§ PROBLEM DESCRIPTION: Transcribe every line of the listing below without any deviation.

§ GIVEN DATA:
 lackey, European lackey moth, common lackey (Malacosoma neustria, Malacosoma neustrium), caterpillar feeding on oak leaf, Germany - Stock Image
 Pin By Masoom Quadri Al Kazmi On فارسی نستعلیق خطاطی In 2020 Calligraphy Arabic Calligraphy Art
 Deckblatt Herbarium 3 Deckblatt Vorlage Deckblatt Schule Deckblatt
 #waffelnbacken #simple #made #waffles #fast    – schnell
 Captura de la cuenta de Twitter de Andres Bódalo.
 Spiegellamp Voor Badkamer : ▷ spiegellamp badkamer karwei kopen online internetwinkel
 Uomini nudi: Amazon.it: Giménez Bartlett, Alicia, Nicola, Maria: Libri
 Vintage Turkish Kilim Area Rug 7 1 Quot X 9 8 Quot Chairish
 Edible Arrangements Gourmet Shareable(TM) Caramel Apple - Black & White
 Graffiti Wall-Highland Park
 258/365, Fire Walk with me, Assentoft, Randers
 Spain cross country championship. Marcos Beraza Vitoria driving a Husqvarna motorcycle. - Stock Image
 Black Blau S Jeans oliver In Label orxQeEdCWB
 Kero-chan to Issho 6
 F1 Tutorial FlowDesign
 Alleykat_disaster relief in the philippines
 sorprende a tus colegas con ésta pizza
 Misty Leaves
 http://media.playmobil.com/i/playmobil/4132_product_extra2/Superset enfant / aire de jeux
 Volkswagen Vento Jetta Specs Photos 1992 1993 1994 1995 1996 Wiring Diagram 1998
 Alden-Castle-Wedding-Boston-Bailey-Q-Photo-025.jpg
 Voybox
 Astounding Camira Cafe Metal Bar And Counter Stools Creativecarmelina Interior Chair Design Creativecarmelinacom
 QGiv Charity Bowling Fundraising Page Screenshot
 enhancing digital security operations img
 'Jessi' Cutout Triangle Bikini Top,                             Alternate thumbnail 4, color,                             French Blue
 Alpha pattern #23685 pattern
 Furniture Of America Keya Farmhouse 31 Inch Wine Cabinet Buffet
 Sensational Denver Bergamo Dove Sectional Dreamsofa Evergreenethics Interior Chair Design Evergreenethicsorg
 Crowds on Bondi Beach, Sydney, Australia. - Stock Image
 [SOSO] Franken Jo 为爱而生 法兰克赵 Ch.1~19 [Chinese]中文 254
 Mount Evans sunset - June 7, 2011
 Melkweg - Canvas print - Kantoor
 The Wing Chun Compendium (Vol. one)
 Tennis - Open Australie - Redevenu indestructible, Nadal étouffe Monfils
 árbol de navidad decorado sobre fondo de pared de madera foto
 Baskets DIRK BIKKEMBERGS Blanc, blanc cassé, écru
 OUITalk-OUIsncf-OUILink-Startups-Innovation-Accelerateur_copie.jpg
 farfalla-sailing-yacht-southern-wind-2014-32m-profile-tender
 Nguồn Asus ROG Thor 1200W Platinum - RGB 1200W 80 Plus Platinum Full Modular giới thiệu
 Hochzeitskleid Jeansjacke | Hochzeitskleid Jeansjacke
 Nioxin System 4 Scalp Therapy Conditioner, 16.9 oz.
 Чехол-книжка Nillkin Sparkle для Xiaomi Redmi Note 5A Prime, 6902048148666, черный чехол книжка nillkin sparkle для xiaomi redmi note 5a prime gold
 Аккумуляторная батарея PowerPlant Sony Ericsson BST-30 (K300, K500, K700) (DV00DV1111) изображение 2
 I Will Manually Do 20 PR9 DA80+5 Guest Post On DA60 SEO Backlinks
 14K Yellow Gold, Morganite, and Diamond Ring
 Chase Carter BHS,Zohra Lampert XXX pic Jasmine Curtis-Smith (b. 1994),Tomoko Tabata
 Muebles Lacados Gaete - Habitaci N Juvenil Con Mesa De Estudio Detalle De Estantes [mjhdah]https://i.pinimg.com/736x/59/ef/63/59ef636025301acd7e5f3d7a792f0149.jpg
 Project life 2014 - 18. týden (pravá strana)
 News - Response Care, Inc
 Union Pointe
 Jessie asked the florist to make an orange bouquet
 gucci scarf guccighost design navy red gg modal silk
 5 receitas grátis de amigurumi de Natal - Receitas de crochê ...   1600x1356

§ EXERCISE ANSWER:
 lackey, European lackey moth, common lackey (Malacosoma neustria, Malacosoma neustrium), caterpillar feeding on oak leaf, Germany - Stock Image
 Pin By Masoom Quadri Al Kazmi On فارسی نستعلیق خطاطی In 2020 Calligraphy Arabic Calligraphy Art
 Deckblatt Herbarium 3 Deckblatt Vorlage Deckblatt Schule Deckblatt
 #waffelnbacken #simple #made #waffles #fast    – schnell
 Captura de la cuenta de Twitter de Andres Bódalo.
 Spiegellamp Voor Badkamer : ▷ spiegellamp badkamer karwei kopen online internetwinkel
 Uomini nudi: Amazon.it: Giménez Bartlett, Alicia, Nicola, Maria: Libri
 Vintage Turkish Kilim Area Rug 7 1 Quot X 9 8 Quot Chairish
 Edible Arrangements Gourmet Shareable(TM) Caramel Apple - Black & White
 Graffiti Wall-Highland Park
 258/365, Fire Walk with me, Assentoft, Randers
 Spain cross country championship. Marcos Beraza Vitoria driving a Husqvarna motorcycle. - Stock Image
 Black Blau S Jeans oliver In Label orxQeEdCWB
 Kero-chan to Issho 6
 F1 Tutorial FlowDesign
 Alleykat_disaster relief in the philippines
 sorprende a tus colegas con ésta pizza
 Misty Leaves
 http://media.playmobil.com/i/playmobil/4132_product_extra2/Superset enfant / aire de jeux
 Volkswagen Vento Jetta Specs Photos 1992 1993 1994 1995 1996 Wiring Diagram 1998
 Alden-Castle-Wedding-Boston-Bailey-Q-Photo-025.jpg
 Voybox
 Astounding Camira Cafe Metal Bar And Counter Stools Creativecarmelina Interior Chair Design Creativecarmelinacom
 QGiv Charity Bowling Fundraising Page Screenshot
 enhancing digital security operations img
 'Jessi' Cutout Triangle Bikini Top,                             Alternate thumbnail 4, color,                             French Blue
 Alpha pattern #23685 pattern
 Furniture Of America Keya Farmhouse 31 Inch Wine Cabinet Buffet
 Sensational Denver Bergamo Dove Sectional Dreamsofa Evergreenethics Interior Chair Design Evergreenethicsorg
 Crowds on Bondi Beach, Sydney, Australia. - Stock Image
 [SOSO] Franken Jo 为爱而生 法兰克赵 Ch.1~19 [Chinese]中文 254
 Mount Evans sunset - June 7, 2011
 Melkweg - Canvas print - Kantoor
 The Wing Chun Compendium (Vol. one)
 Tennis - Open Australie - Redevenu indestructible, Nadal étouffe Monfils
 árbol de navidad decorado sobre fondo de pared de madera foto
 Baskets DIRK BIKKEMBERGS Blanc, blanc cassé, écru
 OUITalk-OUIsncf-OUILink-Startups-Innovation-Accelerateur_copie.jpg
 farfalla-sailing-yacht-southern-wind-2014-32m-profile-tender
 Nguồn Asus ROG Thor 1200W Platinum - RGB 1200W 80 Plus Platinum Full Modular giới thiệu
 Hochzeitskleid Jeansjacke | Hochzeitskleid Jeansjacke
 Nioxin System 4 Scalp Therapy Conditioner, 16.9 oz.
 Чехол-книжка Nillkin Sparkle для Xiaomi Redmi Note 5A Prime, 6902048148666, черный чехол книжка nillkin sparkle для xiaomi redmi note 5a prime gold
 Аккумуляторная батарея PowerPlant Sony Ericsson BST-30 (K300, K500, K700) (DV00DV1111) изображение 2
 I Will Manually Do 20 PR9 DA80+5 Guest Post On DA60 SEO Backlinks
 14K Yellow Gold, Morganite, and Diamond Ring
 Chase Carter BHS,Zohra Lampert XXX pic Jasmine Curtis-Smith (b. 1994),Tomoko Tabata
 Muebles Lacados Gaete - Habitaci N Juvenil Con Mesa De Estudio Detalle De Estantes [mjhdah]https://i.pinimg.com/736x/59/ef/63/59ef636025301acd7e5f3d7a792f0149.jpg
 Project life 2014 - 18. týden (pravá strana)
 News - Response Care, Inc
 Union Pointe
 Jessie asked the florist to make an orange bouquet
 gucci scarf guccighost design navy red gg modal silk
 5 receitas grátis de amigurumi de Natal - Receitas de crochê ...   1600x1356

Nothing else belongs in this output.